(8) A car starting with a speed v skids to a stop over a distance d, which means the brakes apply an acceleration a such that
0² - v² = 2 a d → a = - v² / (2d)
Then the car comes to rest over a distance of
d = - v² / (2a)
Doubling the starting speed gives
- (2v)² / (2a) = - 4v² / (2a) = 4d
so the distance traveled is quadrupled, and it would move a distance of 4 • 15 m = 60 m.

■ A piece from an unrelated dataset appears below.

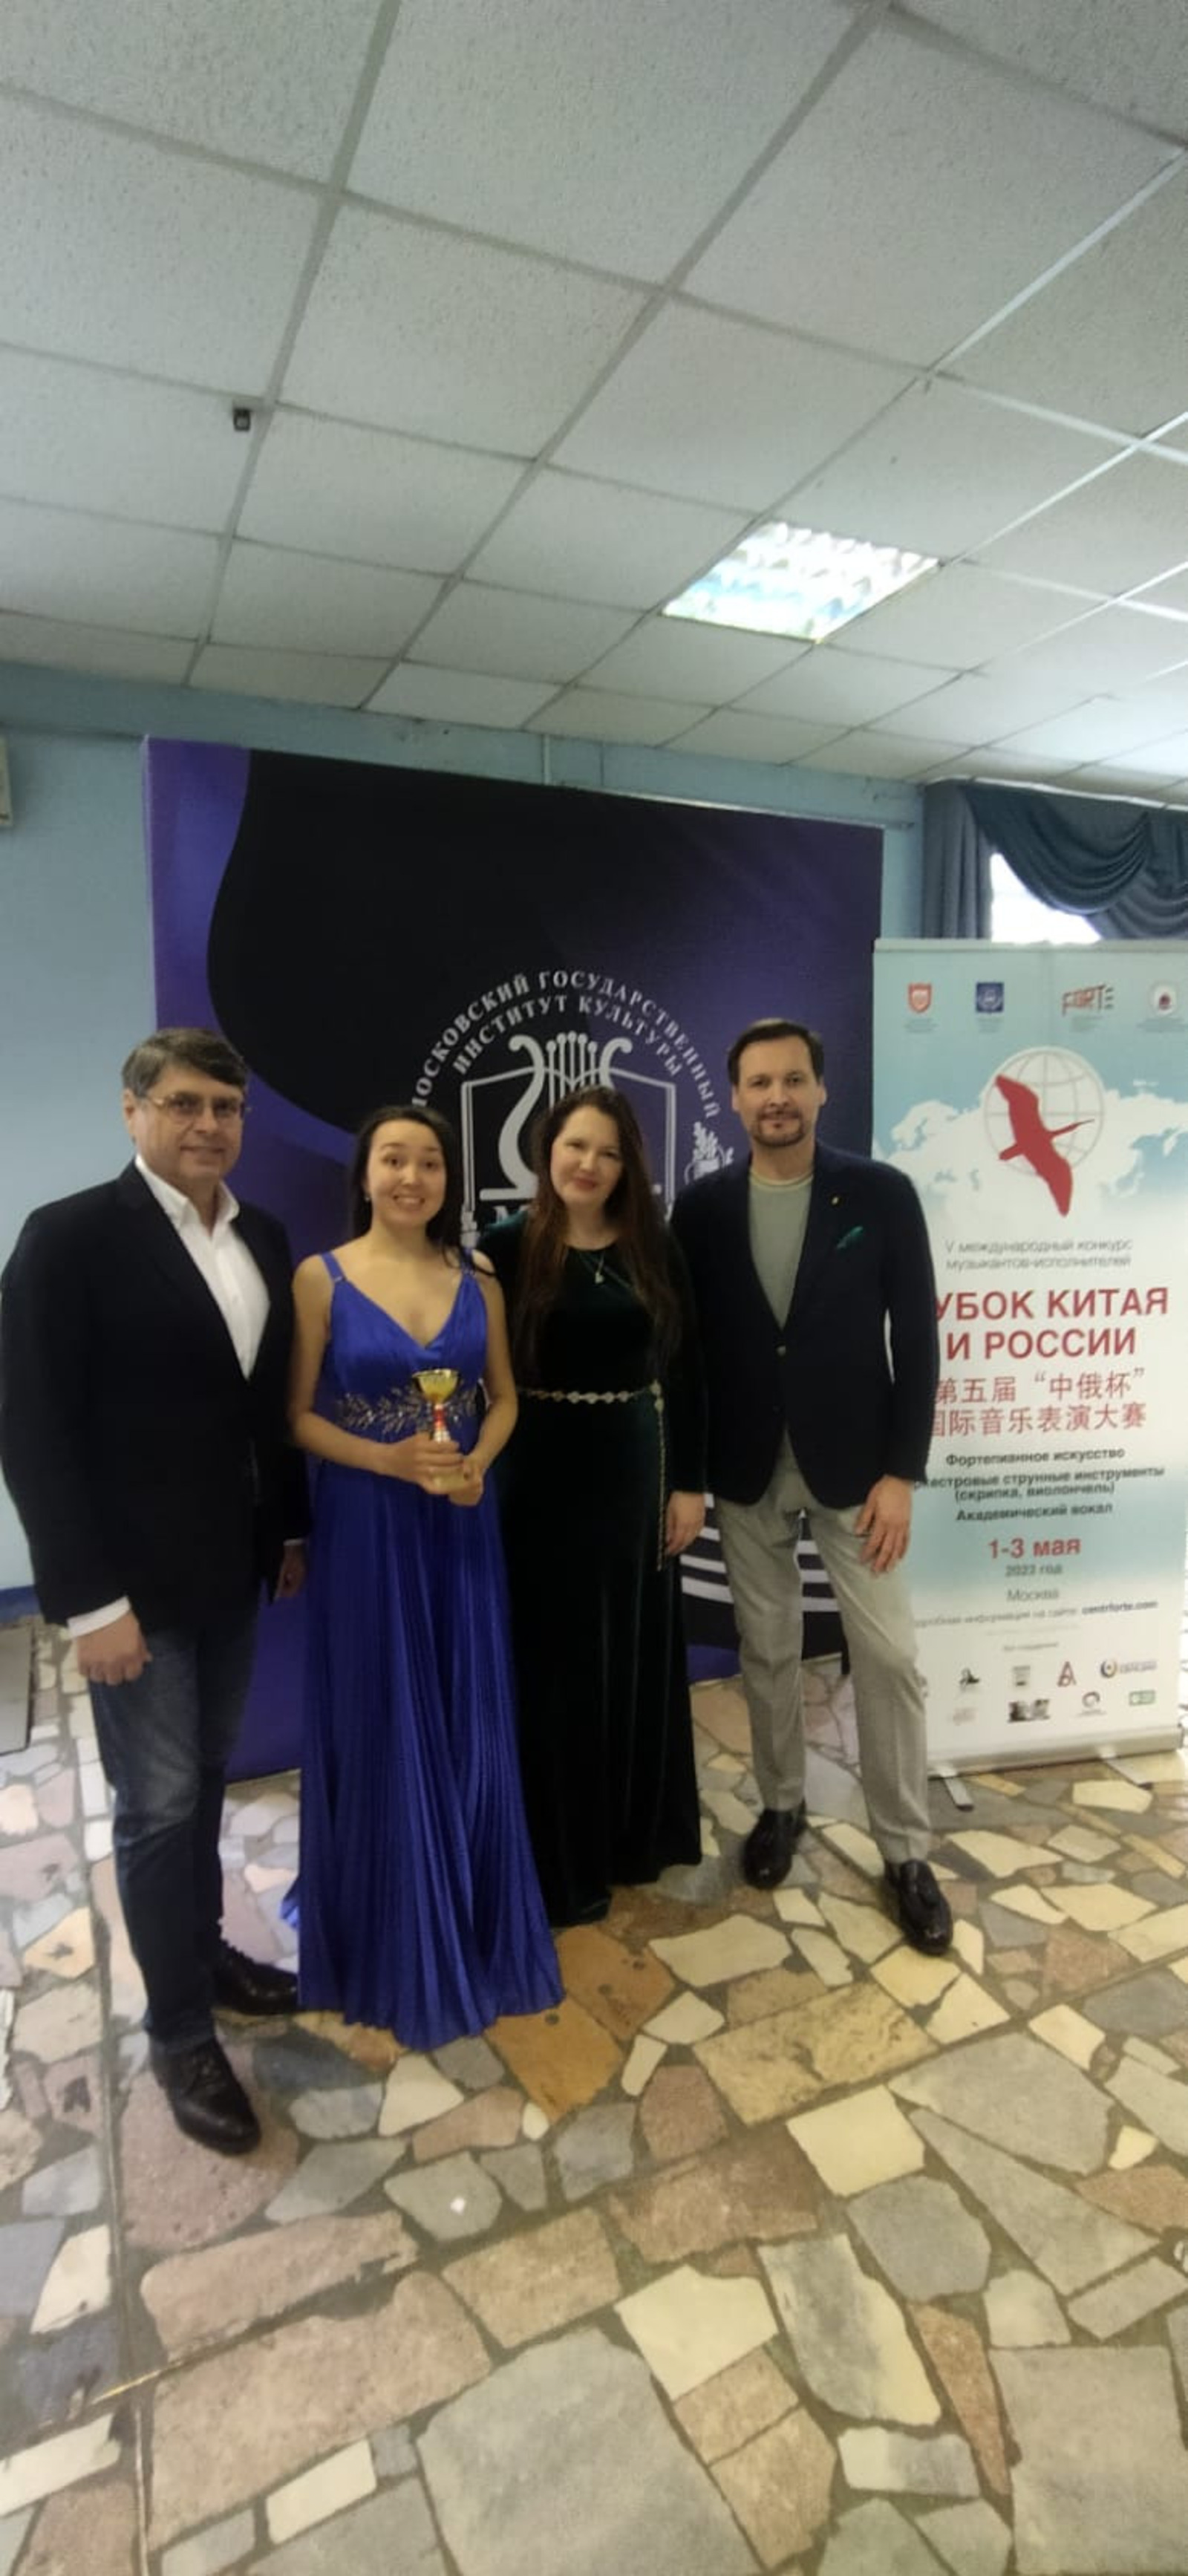 Певица из Уфы победила в конкурсе музыкантов, исполнителей и вокалистов «Кубок Китая и России»

Alternatively, you can explicitly solve for the acceleration, then for the distance:
A car starting at 50 km/h ≈ 13.9 m/s skids to a stop in 15 m, so locked brakes apply an acceleration a such that
0² - (13.9 m/s)² = 2 a (15 m) → a ≈ -6.43 m/s²
So the same car starting at 100 km/h ≈ 27.8 m/s skids to stop over a distance d such that
0² - (27.8 m/s)² = 2 (-6.43 m/s²) d → d ≈ 60 m
(9) Pushing the lever down 1.2 m with a force of 50 N amounts to doing (1.2 m) (50 N) = 60 J of work. So the load on the other end receives 60 J of potential energy. If the acceleration due to gravity is taken to be approximately 10 m/s², then the load has a mass m such that
60 J = m g h
where g = 10 m/s² and h is the height it is lifted, 1.2 m. Solving for m gives
m = (60 J) / ((10 m/s²) (1.2 m)) = 5 kg
(10) Is this also multiple choice? I'm not completely sure, but something about the weight of the tractor seems excessive. It would help to see what the options might be.